Time series databases for metrics part 2

So I’ve been working with influxdb for a while now, and have a working/credible cli for it. I’ll have to put it up on github soon.

I am using it mostly as a graphite replacement, as its a compiled app versus a python code, and python isn’t terribly fast for this sort of work.

We want to save lots of data, and do so with 1 second resolution. Imagine I want to save a 64 bit measurement, and I am gathering say 100 per second. Thats 6.4kB/s of data in real time. This is a mixture of high and low level bits. Some of it can be summarized over more than a 1 second interval, but I’d rather do that summarization at the query side.

This is 522MB/day, per machine.

Take, say, 8 machines. This is 4.4 GB/day just for log storage.

Not really a problem, as 3 years is about 1096 days, or about 4.8TB.

Uncompressed, though compression would reduce this a bit.

None of this is a problem. That is, until you try to query the data.

Then simple selects without summarization are generating 2.2GB real memory usage by the query tool. Using a 60s average results in a manageable 20MB sized csv file from a single query which I can build analytical tools for.

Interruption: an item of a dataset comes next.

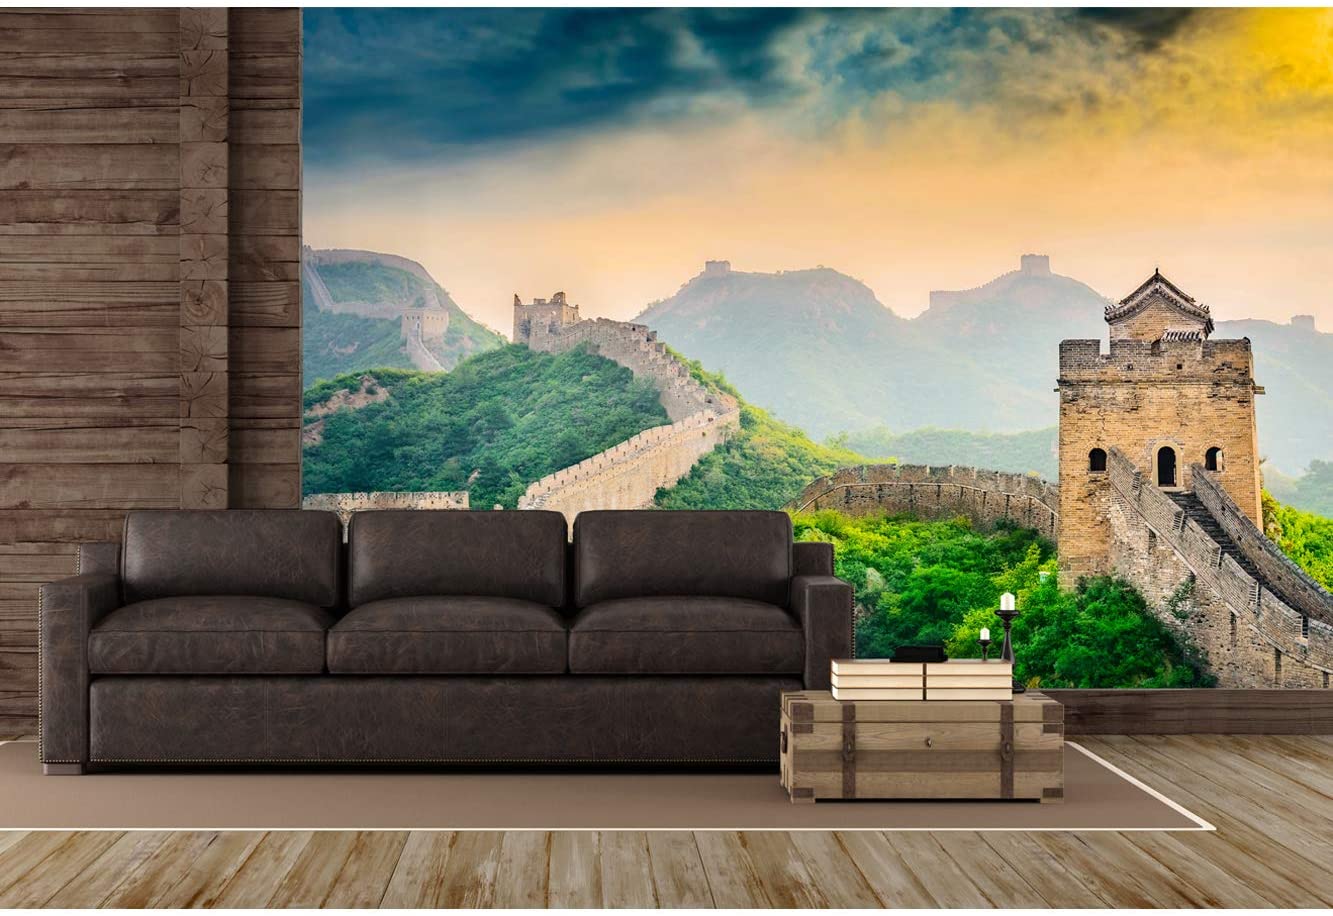 Vinyl Photo Mural And Wallpaper For Wall Chinese

But those queries take a long time.

I need the graphite replacement aspect for the inbound data to reduce the amount of code I’d need to write. Or conversely, I could simply write a new output plug-in for the data collector (using collectl for the moment for major metrics and some of our own code which fires things to graphite/statsd).

The options for the database are obviously influxdb and a few others. InfluxDB works, but will require management of data sets to work correctly. We’ll have to have paring queries, shard dropping and other bits to manage.

kdb+ is an option. There are many good things about it, and I think I could write a simple receiver for the graphite data to plug into the database. But … the free version of kdb+ is 32 bit. Note the database sizes I indicate above. I’d have to do a different sort of management with it. I’m not against that, I just have to compare the effort involved. This said, its quite likely kdb+ would be simply the fastest option.

There is Dalmatiner, which is crafted with performance in mind, but looks to depend upon ZFS, which I can’t use on Linux (and we can’t switch to an Illumos base for). Yes, I know, ZFS for Linux. Unfortunately, there are a few issues with this, not the least of which is the license clash, and our impression that this is something you should ask an attorney about rather than taking a risk of a very large corporation reading the situation in a different way from you, leveraging their considerable resources to enforce their viewpoint (fairly or unfairly).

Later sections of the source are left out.